--- The problem ---
Locate the line that contains "Chile, Vina del" in the data that follows. Copy it and every subsequent line to the end, exactly, excluding pictures.

--- Data excerpt ---
──────────
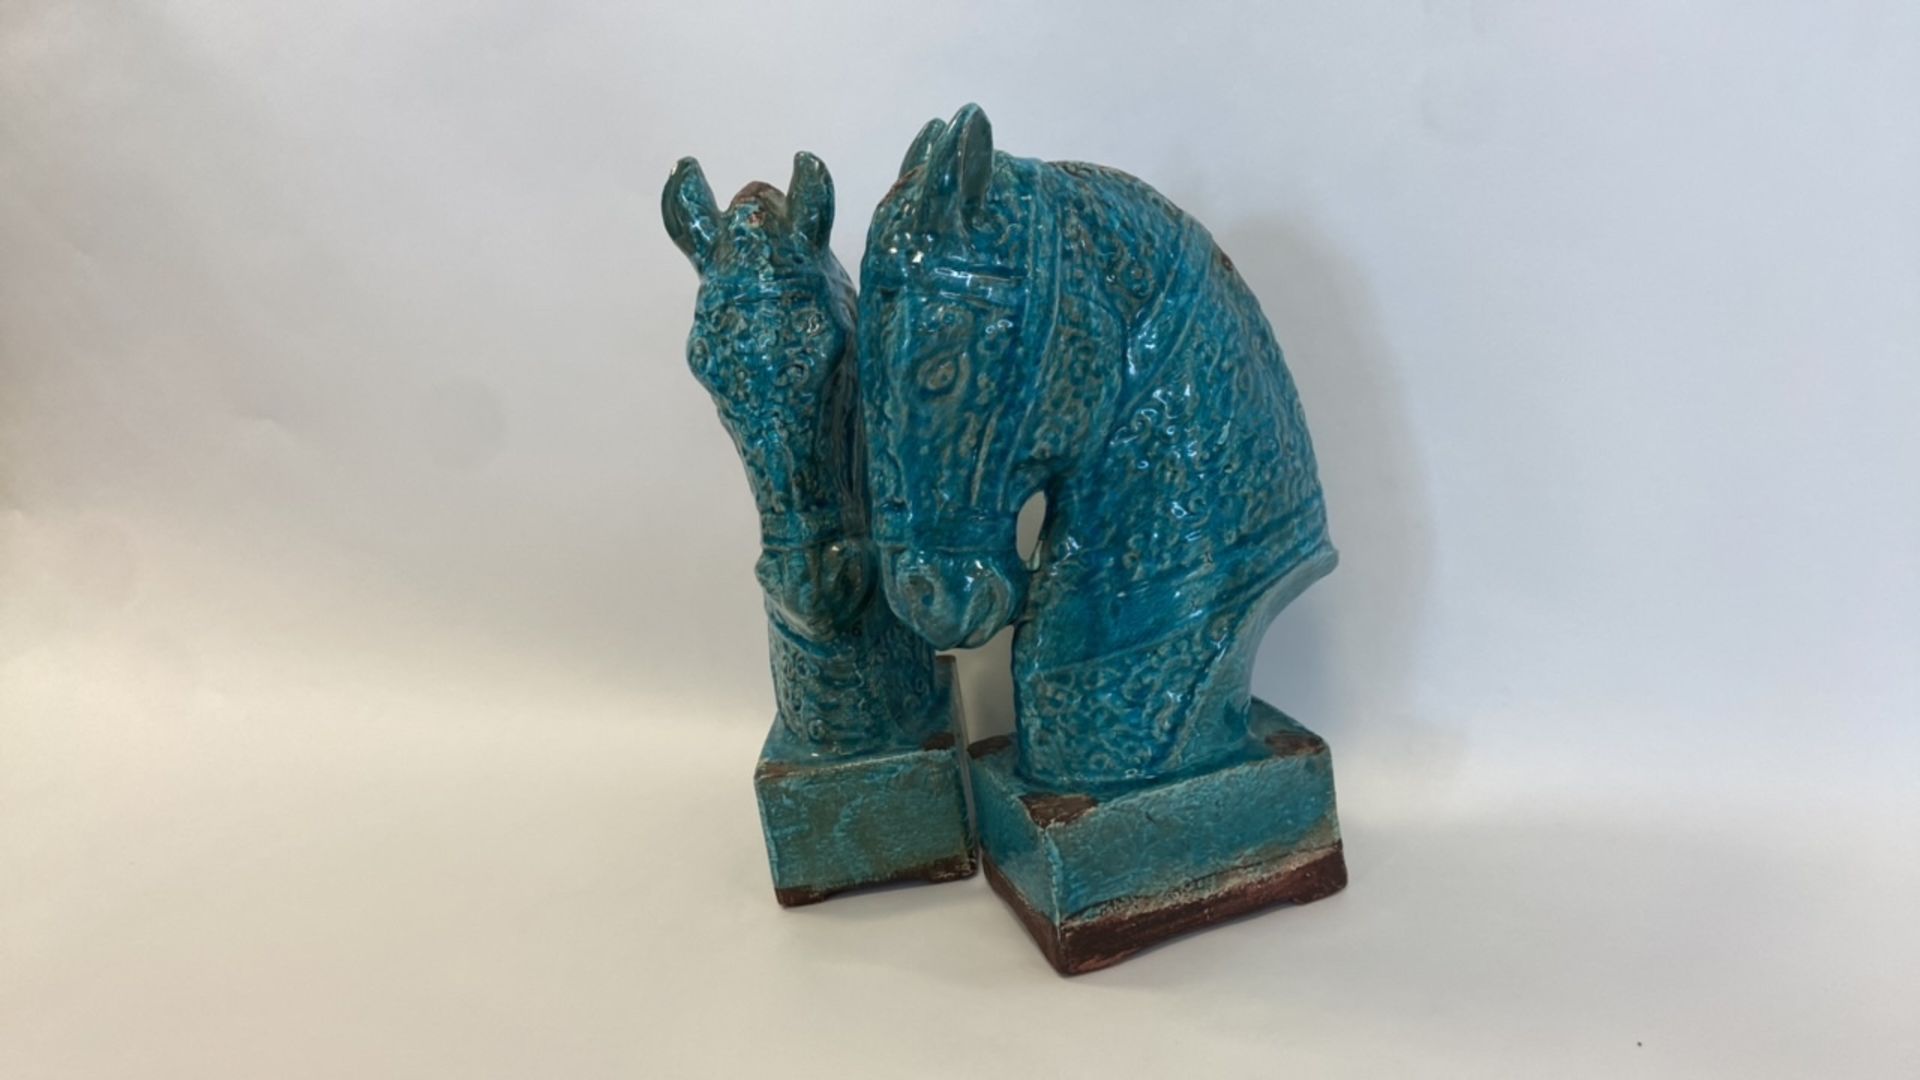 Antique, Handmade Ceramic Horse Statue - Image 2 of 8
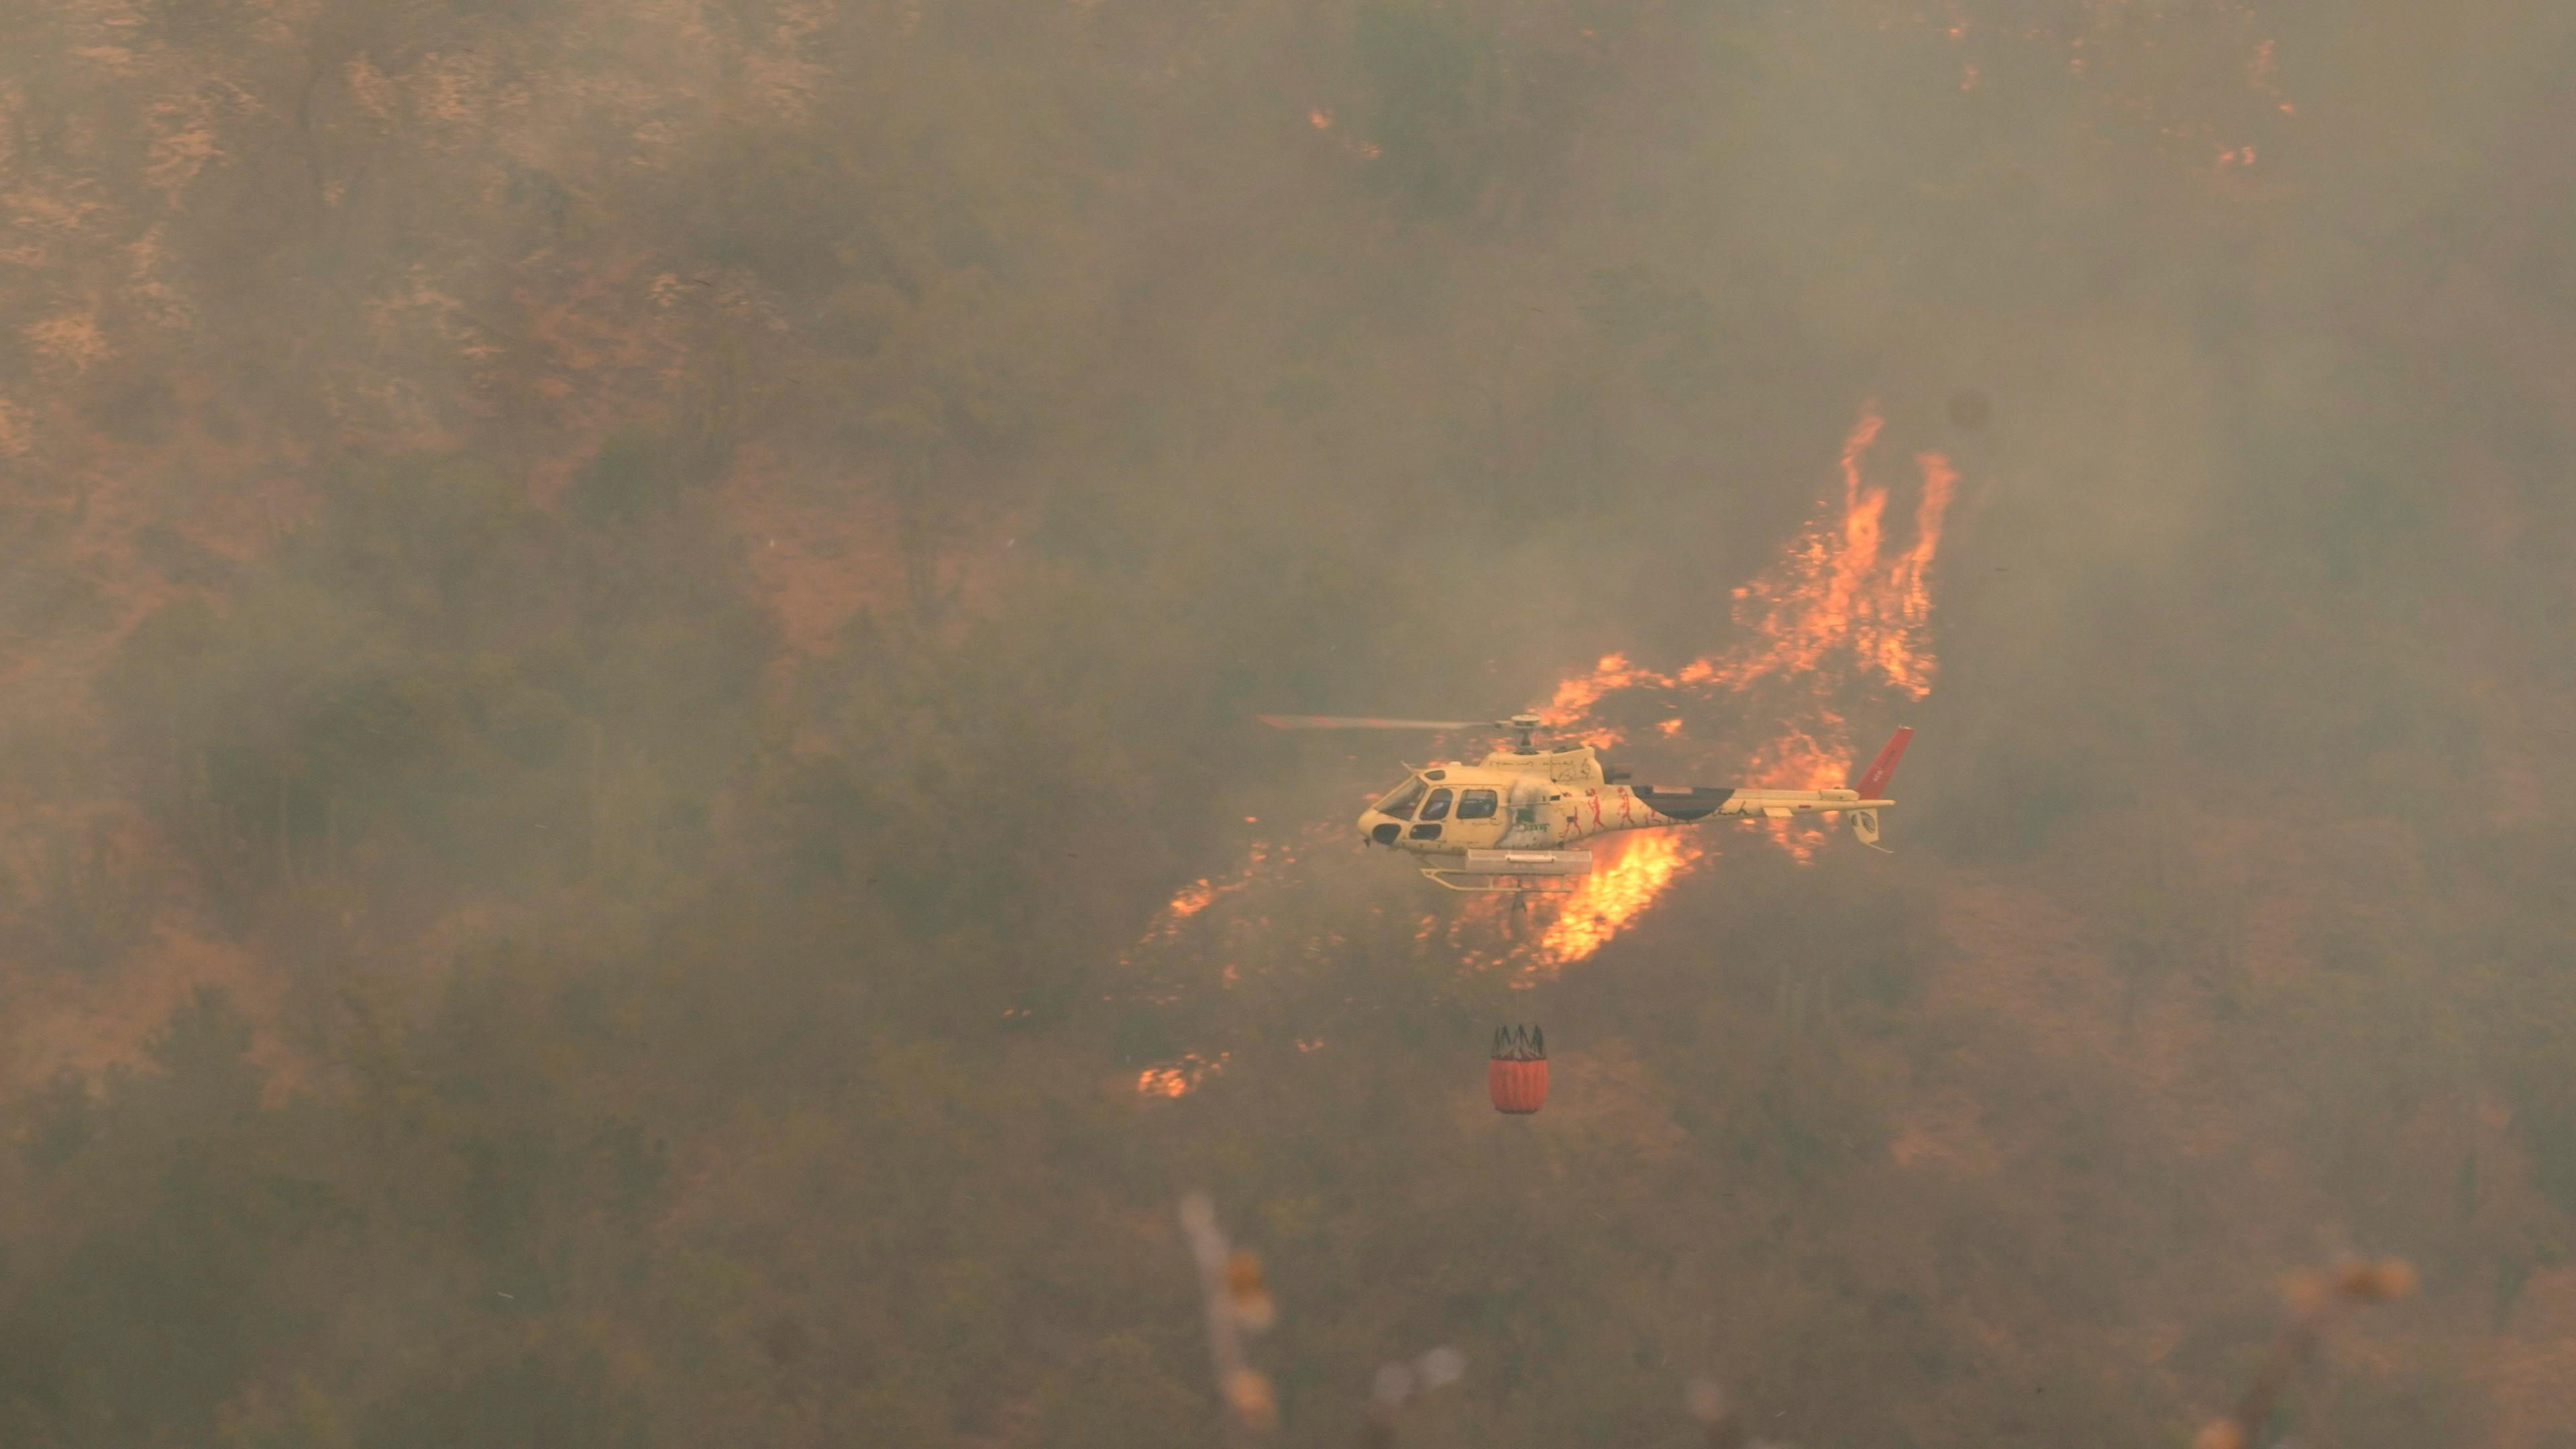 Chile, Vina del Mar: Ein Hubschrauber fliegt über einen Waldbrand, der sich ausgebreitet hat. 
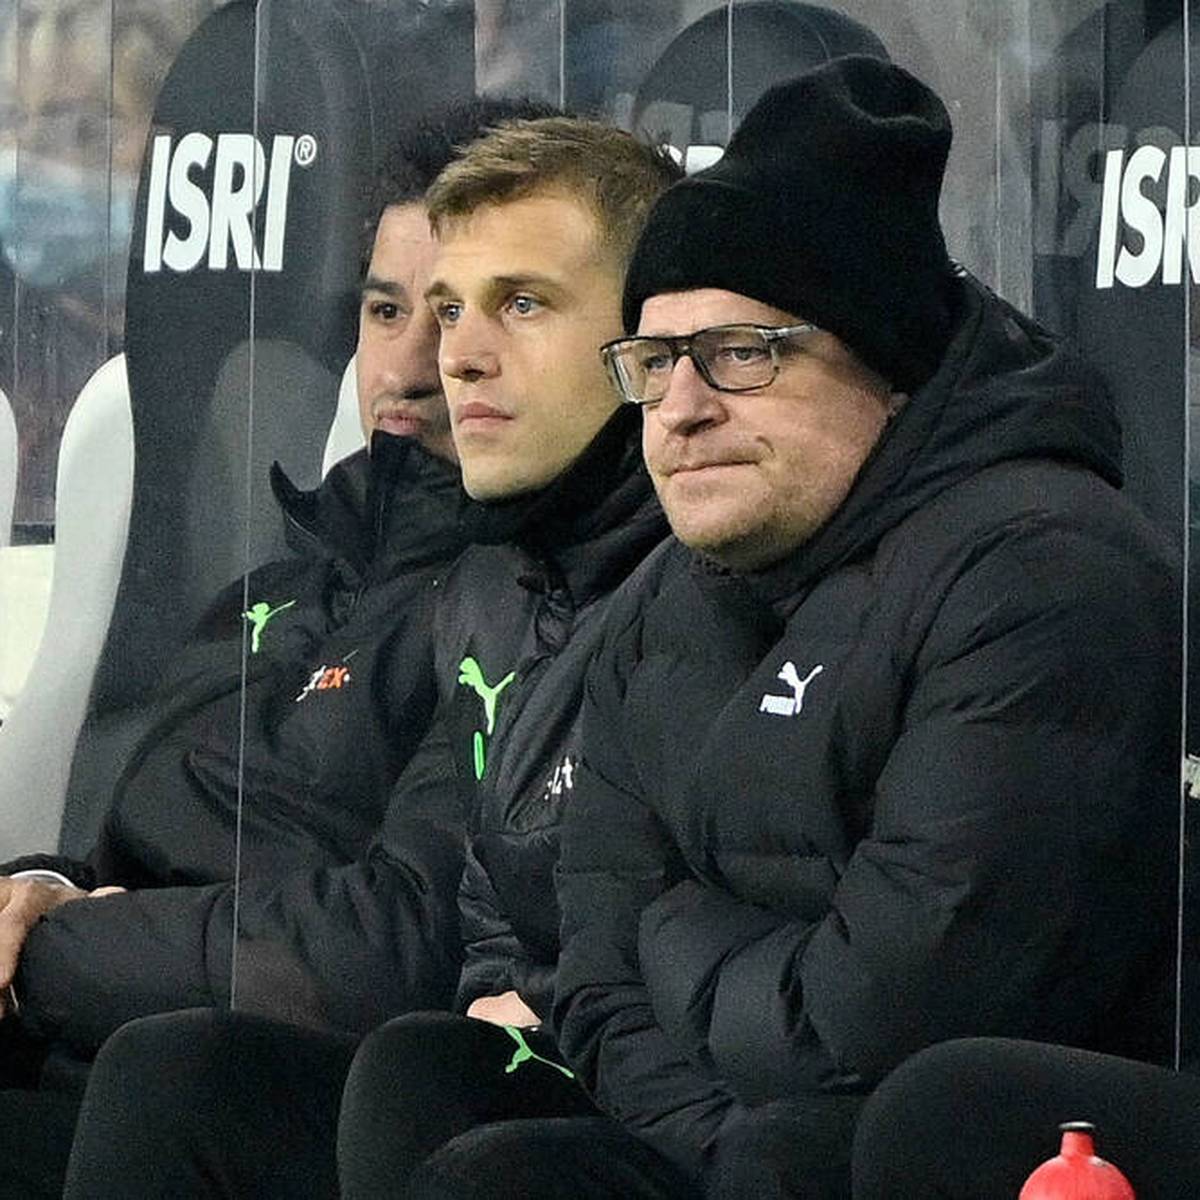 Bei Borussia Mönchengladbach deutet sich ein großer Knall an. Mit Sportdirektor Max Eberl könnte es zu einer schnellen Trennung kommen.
──────────
--- Worked solution ---
 Chile, Vina del Mar: Ein Hubschrauber fliegt über einen Waldbrand, der sich ausgebreitet hat. 
 Bei Borussia Mönchengladbach deutet sich ein großer Knall an. Mit Sportdirektor Max Eberl könnte es zu einer schnellen Trennung kommen.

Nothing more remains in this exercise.